// glossary

The vocabulary, decoded.

Plain-language definitions for the methods, molecules, and acronyms that show up across Pepmod product pages, blog posts, and certificates of analysis.

Looking for the bigger picture? Start from a receptor or pathway on the mechanism map →

// Lab methods & analysis

HPLC
High-Performance Liquid Chromatography. Reverse-phase HPLC is the standard method for measuring peptide purity. The result is reported as the percentage area of the main peak versus everything else. The Pepmod purity floor is ≥98%.
LC-MS
Liquid Chromatography-Mass Spectrometry. Confirms the identity of a peptide by measuring its molecular weight. The observed m/z must match the theoretical value within tight tolerance.
MALDI-TOF
Matrix-Assisted Laser Desorption/Ionization-Time of Flight. An alternative mass-spec method commonly used for peptide identification and structural verification.
LAL
Limulus Amebocyte Lysate. The pharmacopeial method for detecting bacterial endotoxins in parenteral products. Reports endotoxin units (EU) per milligram against established safety limits.
USP <71>
The United States Pharmacopeia chapter that defines compendial sterility testing - a 14-day incubation in two growth media to detect any bacterial or fungal contamination.
COA
Certificate of Analysis. The document a third-party lab issues for a specific batch, listing all tests performed, their methods, the specifications, observed results, and pass/fail status.

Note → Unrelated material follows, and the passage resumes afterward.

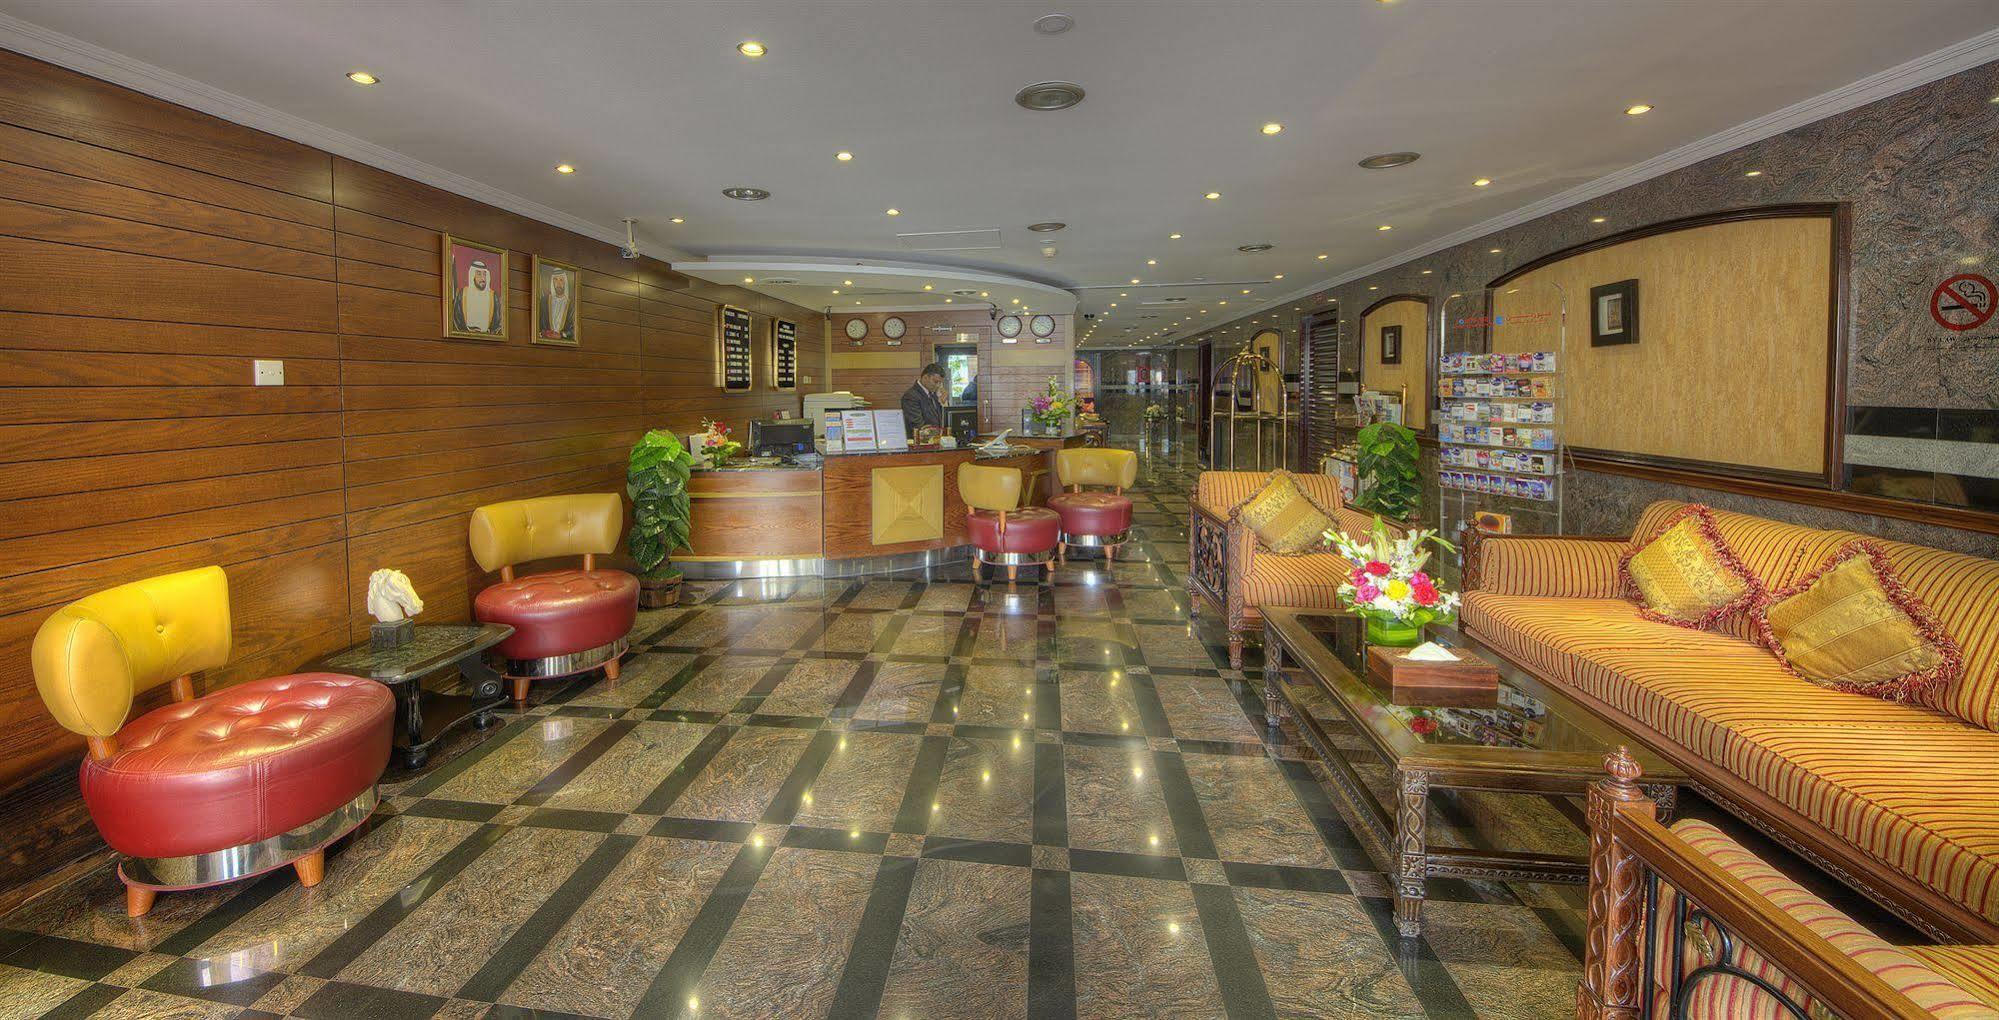 Nihal Residency Hotel Apartments 迪拜 外观 照片

See a sample on the transparency page.
Chromatogram
The visual output of an HPLC run - a plot of detector signal versus time. The peptide of interest appears as a peak; impurities show as smaller peaks separated in time. A real chromatogram on the COA is the only way to actually verify a stated purity number.
m/z
Mass-to-charge ratio. The quantity mass spectrometers actually measure. For a peptide, observed m/z is compared against the theoretical value calculated from the sequence; a close match confirms identity.
RCT
Randomized Controlled Trial. The gold-standard study design in clinical research: participants are randomly assigned to treatment or comparator, ideally blinded to which they receive. Reduces selection bias and confounding.
Meta-analysis
A study that pools the quantitative results of multiple prior trials to estimate a more precise effect size than any single trial could provide. Useful but only as strong as the trials it aggregates and the inclusion criteria used.
Preclinical
Research conducted before any human trials - in cells (in vitro), in animals (in vivo), or in computational models. Preclinical data establishes mechanism and rough safety but does not establish efficacy in humans.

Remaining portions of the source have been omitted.